Check Your Grocery List for Probiotic Foods
Yogurt is the most popular source for probiotics. Most yogurts you’ll find on store shelves have the live, active cultures needed to grow the bacteria—even those that aren’t heavily advertised as containing probiotics—but Vanderwall says it’s still important to read the label. Here’s what to look for:
- A well-rounded variety of bacteria (most commonly a combination of Lactobacillus acidophilus, Bifidus and Lactobacillus casei).
- Some manufacturers all add prebiotics to their product, so if that’s the case, make sure there are at least 1-3 grams of fiber.
- Most importantly, beware the overly-sweetened stuff. Vanderwall says there’s no reason to eat excessive amounts of sugar just to get your probiotics.

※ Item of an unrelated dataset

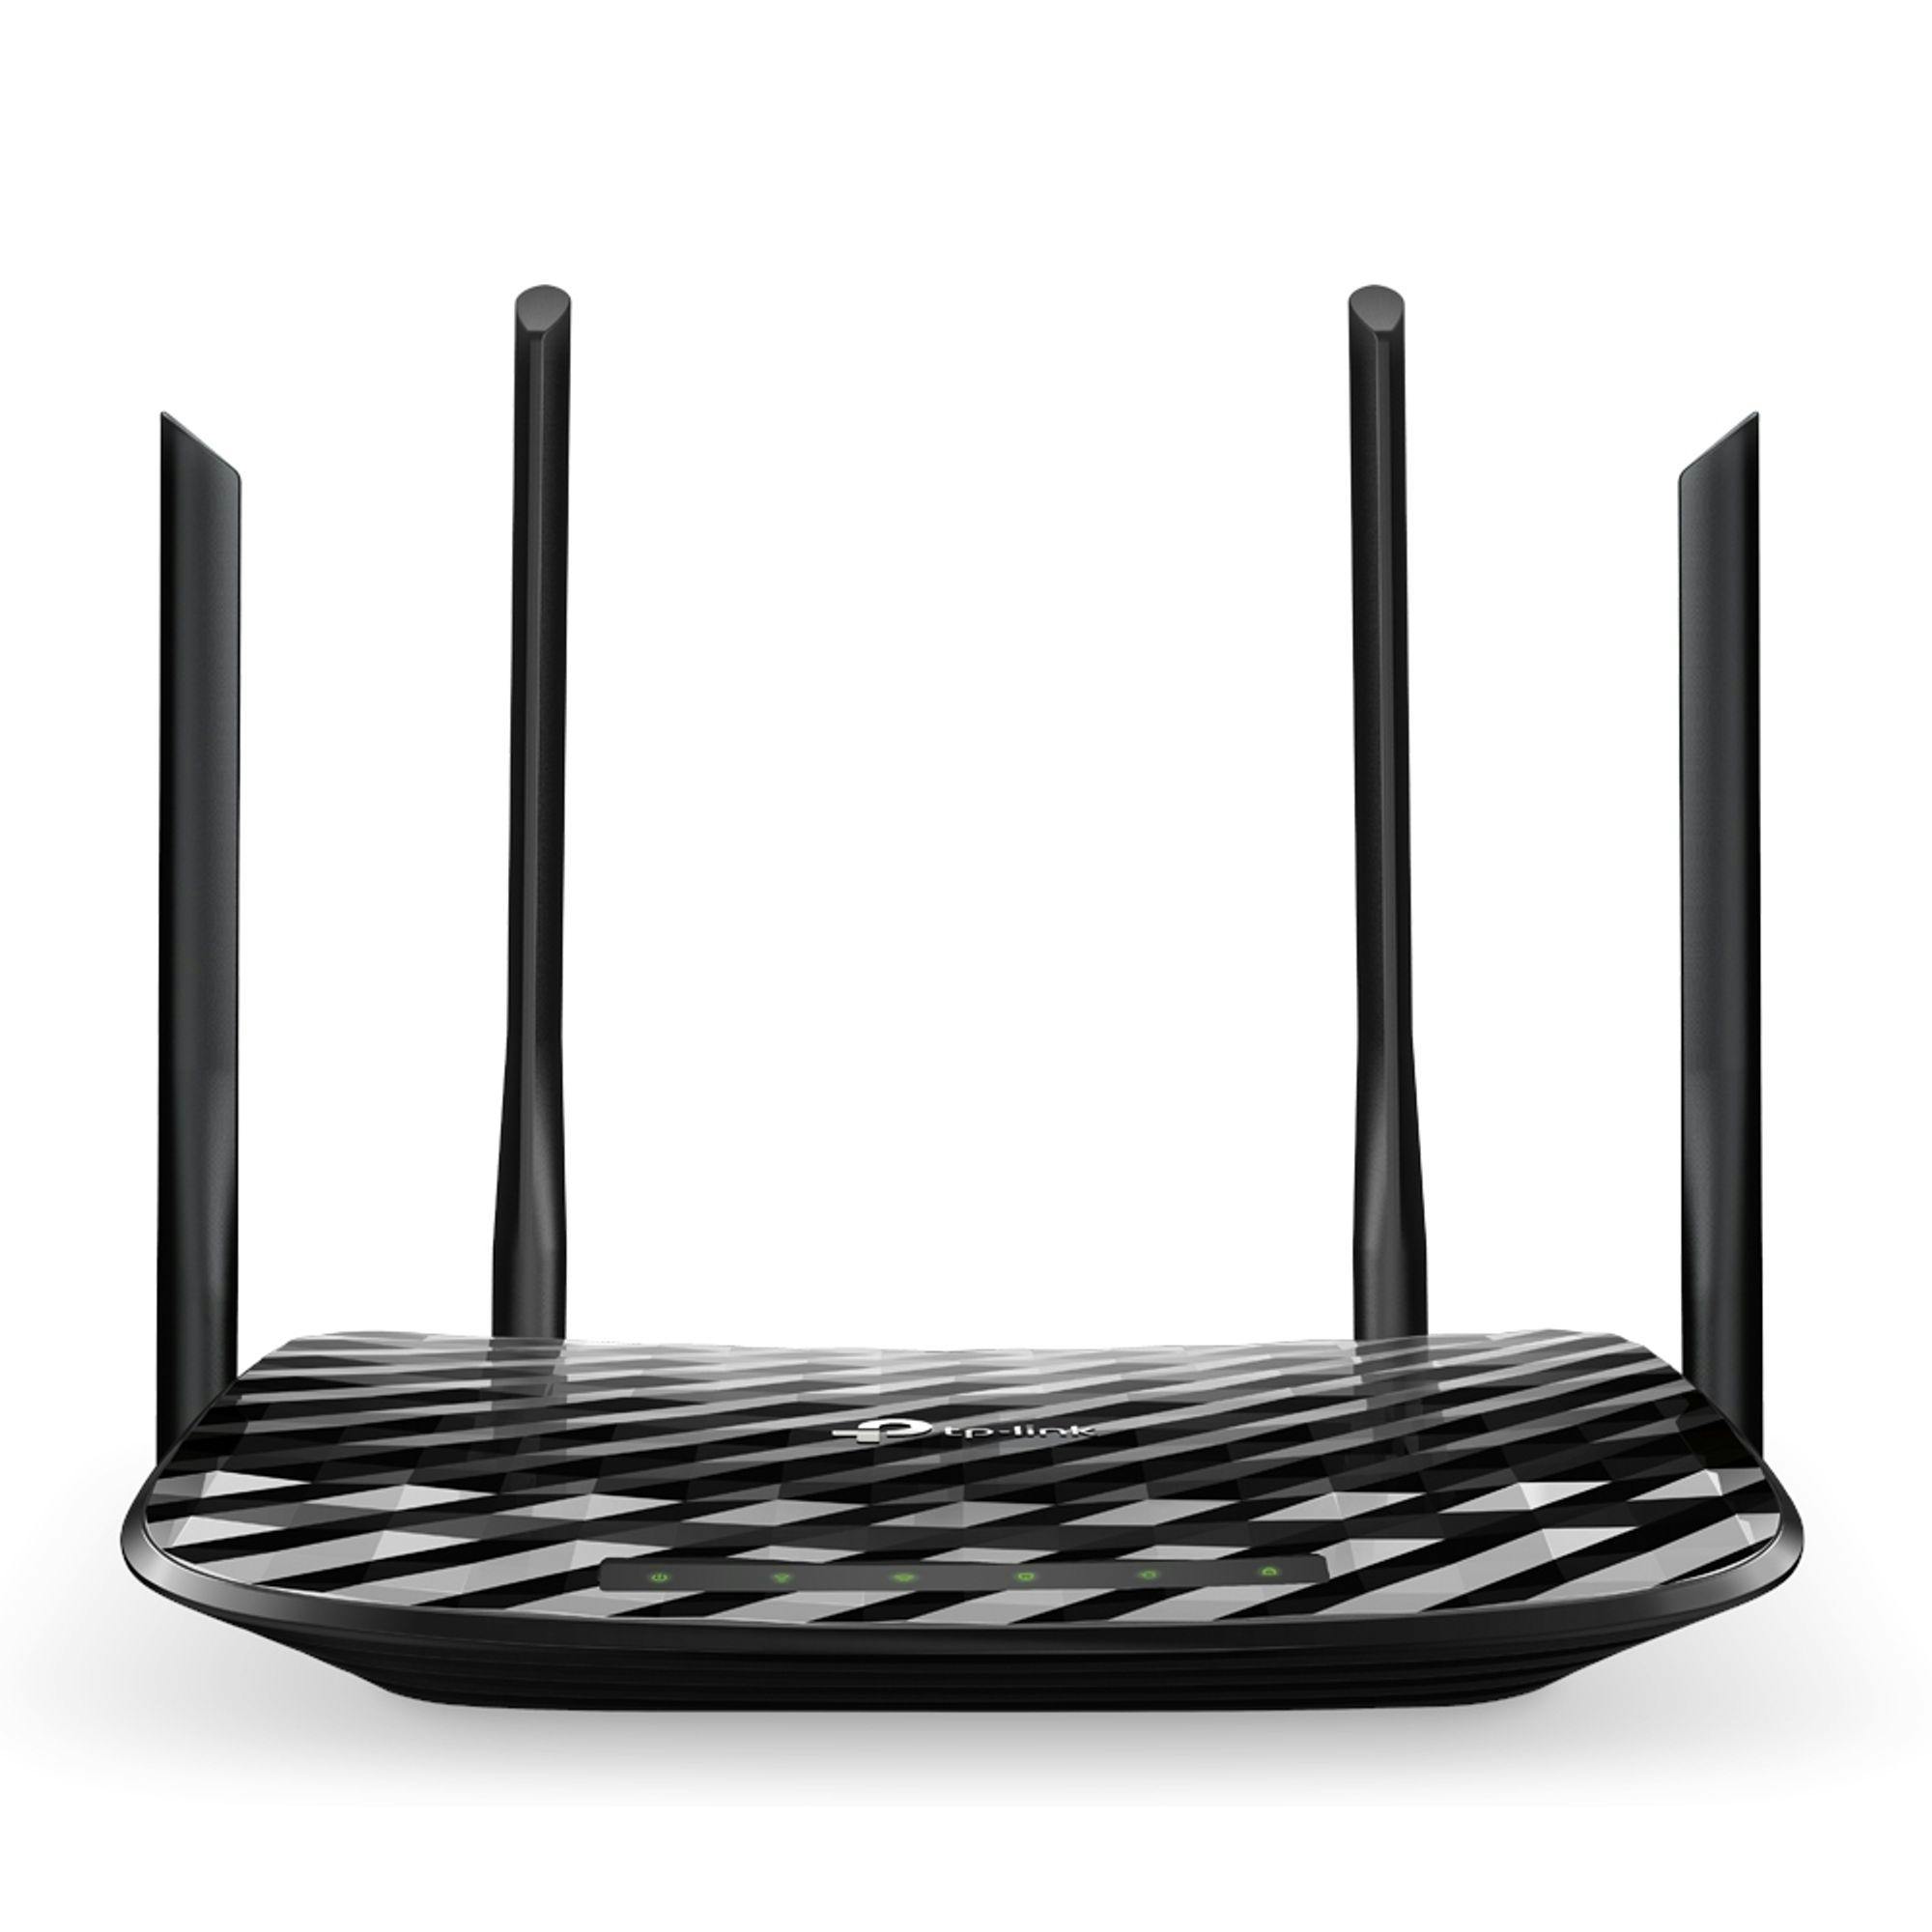 TP-LINK Routers used by malicious hackers for large traffic

There are plenty of other products that contain probiotics. Kefir, which is thinner than yogurt and often comes bottled like a smoothie, is gaining in popularity. Kombucha, or fermented tea, contains a lot of healthy gut bacteria (though it’s also high in sugar). Vegetarians and vegans often choose tempeh and natto, fermented soy products that are also high in protein. You’ll also find probiotics in pickles, sauerkraut, kimchee and miso soup.
Vanderwall says supplements are another option for those whose dietary lifestyle doesn’t allow for those extra calories, but again recommends reading labels carefully and sticking to trusted brands.

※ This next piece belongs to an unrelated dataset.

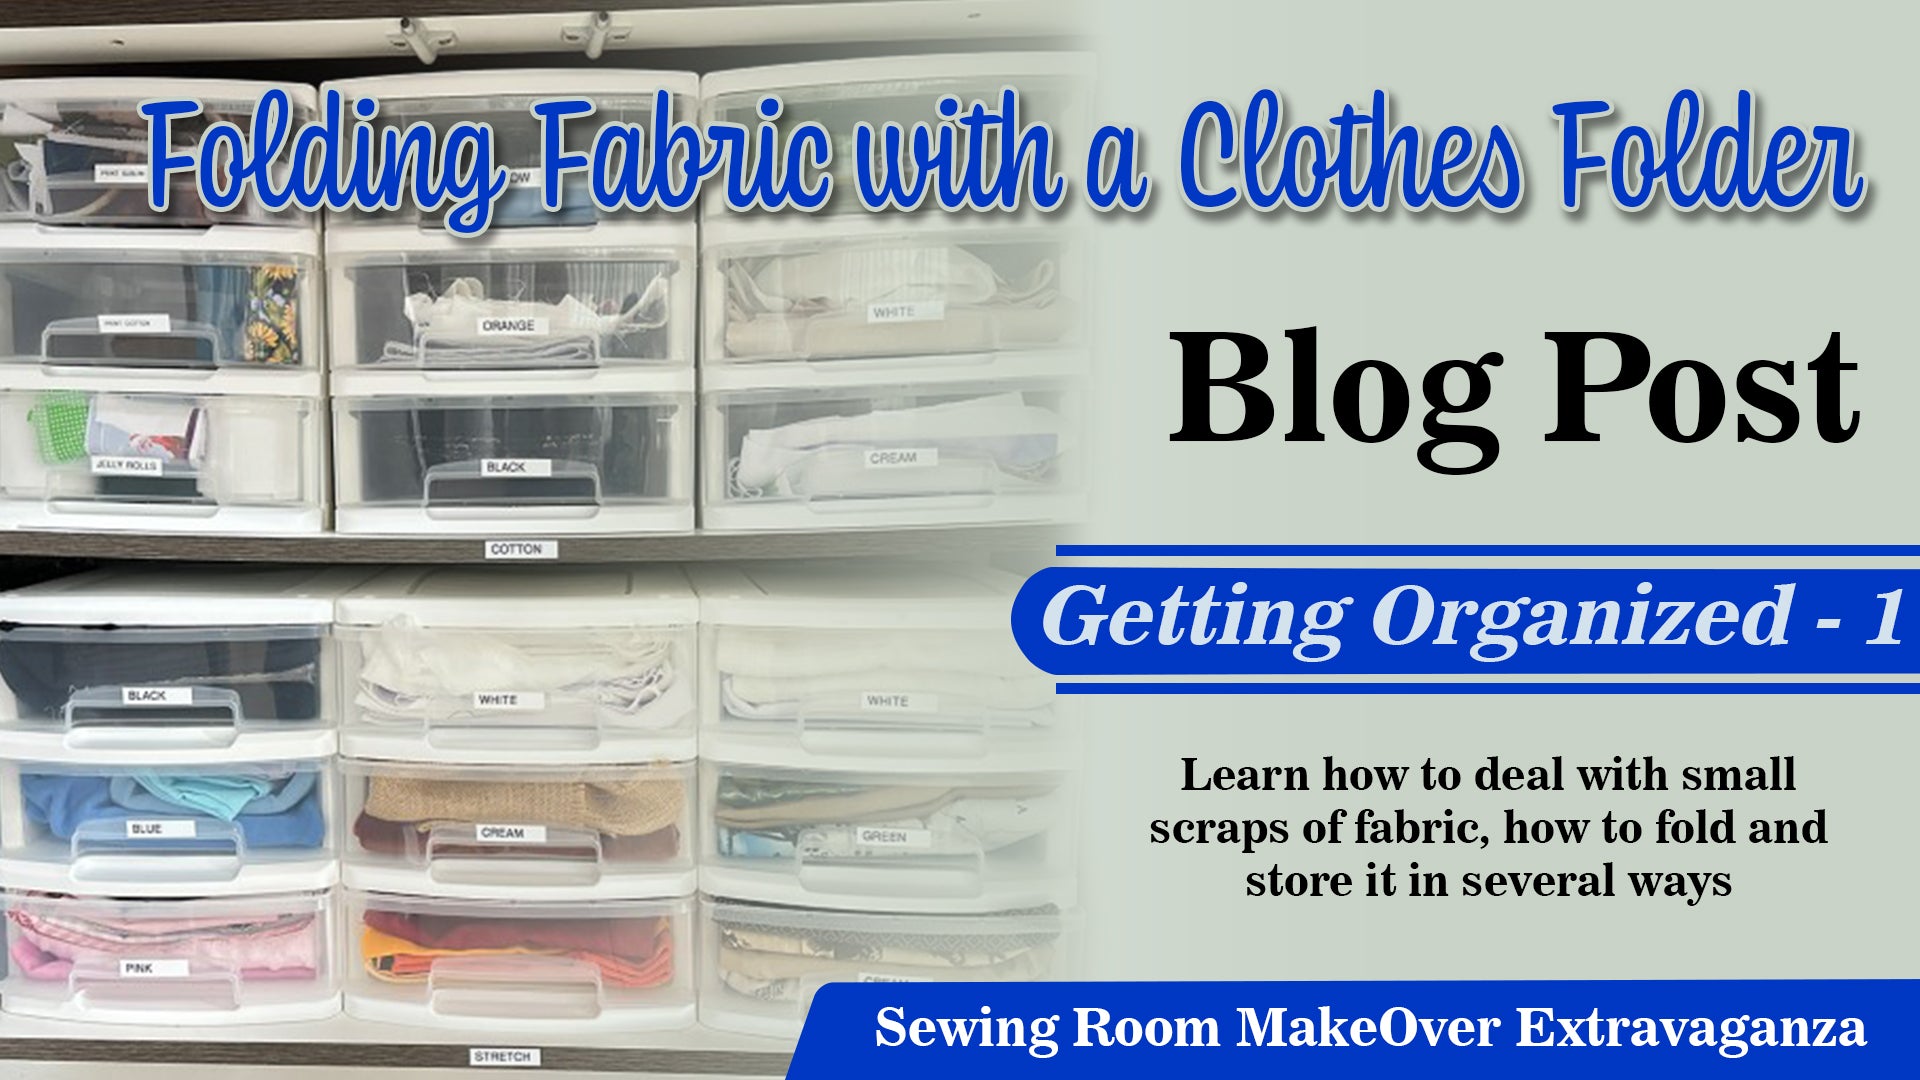 How To Fold And Store Fabric

Finally, make sure the probiotics in your gut are eating well themselves. Prebiotics, those fibers that feed the good bacteria, can be found in fruits, vegetables and whole grains, especially wheat and barley.
“Bacteria are alive, and require energy to survive,” Ligocki says. “If we’re not feeding them, they won’t flourish.”
The Future of Probiotics
“Incorporating probiotics into one’s diet is not a quick-fix or a cure-all,” Vanderwall explains. “But it can have a strong influence on one’s health.”

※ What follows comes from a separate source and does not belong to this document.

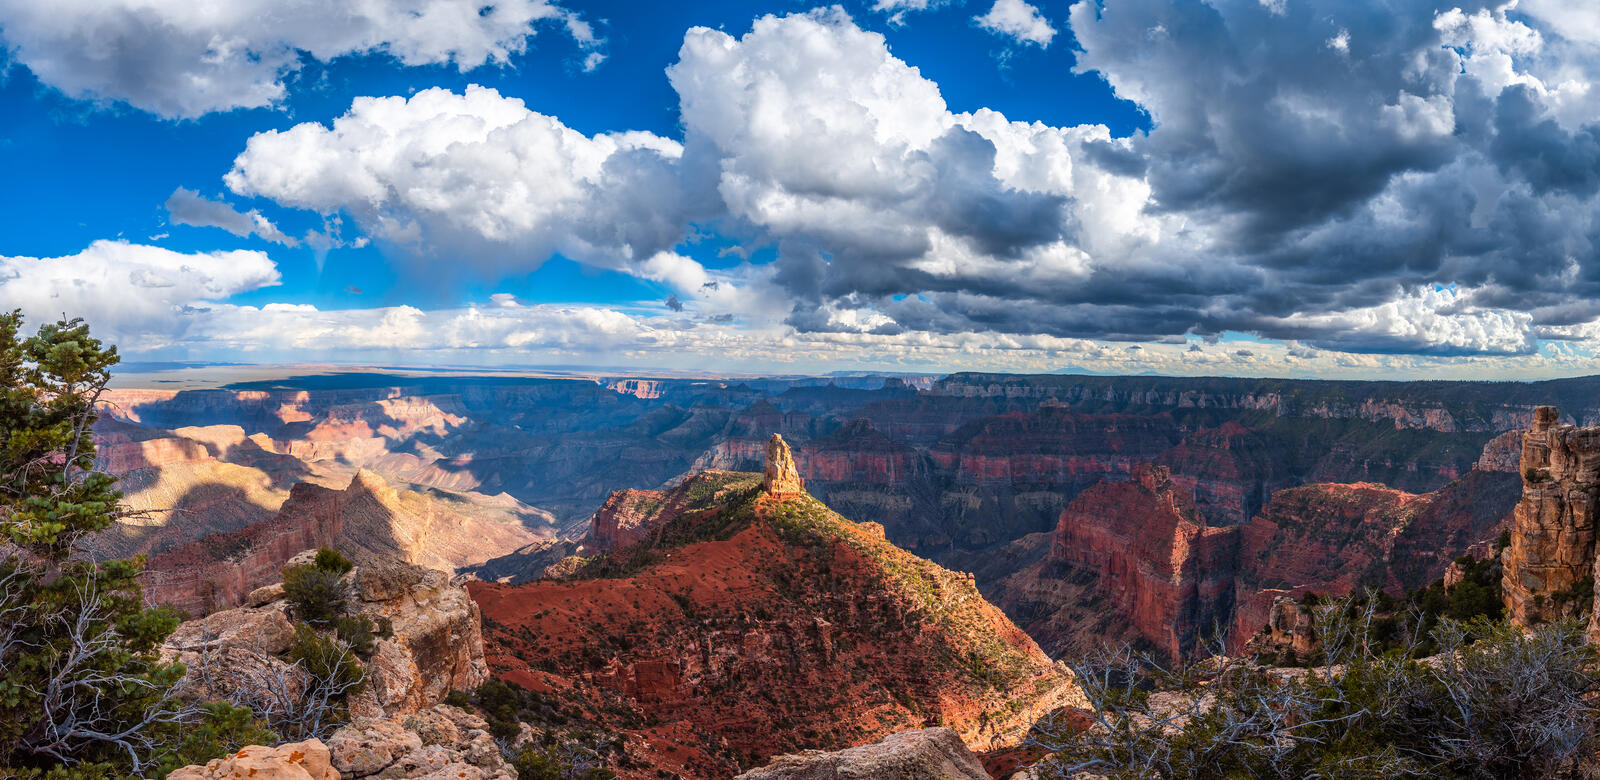 Wallpapers nature grand canyon park USA on the desktop

Both Rindfleisch and Vanderwall are careful to emphasize probiotics are not a magic bullet for perfect health, but they are excited about research on the connection between gut bacteria and everything from brain function and mood, to obesity, cardiovascular health, allergies and diabetes.
Rindfleisch speculates someday, physicians might be able to tailor a course of probiotics specifically for a patient’s genome and diagnosis.
“There have been so many recent studies on the benefits of probiotics, it’s mind-blowing,” Rindfleisch says. “I think we’re just getting a glimpse of what’s to come.”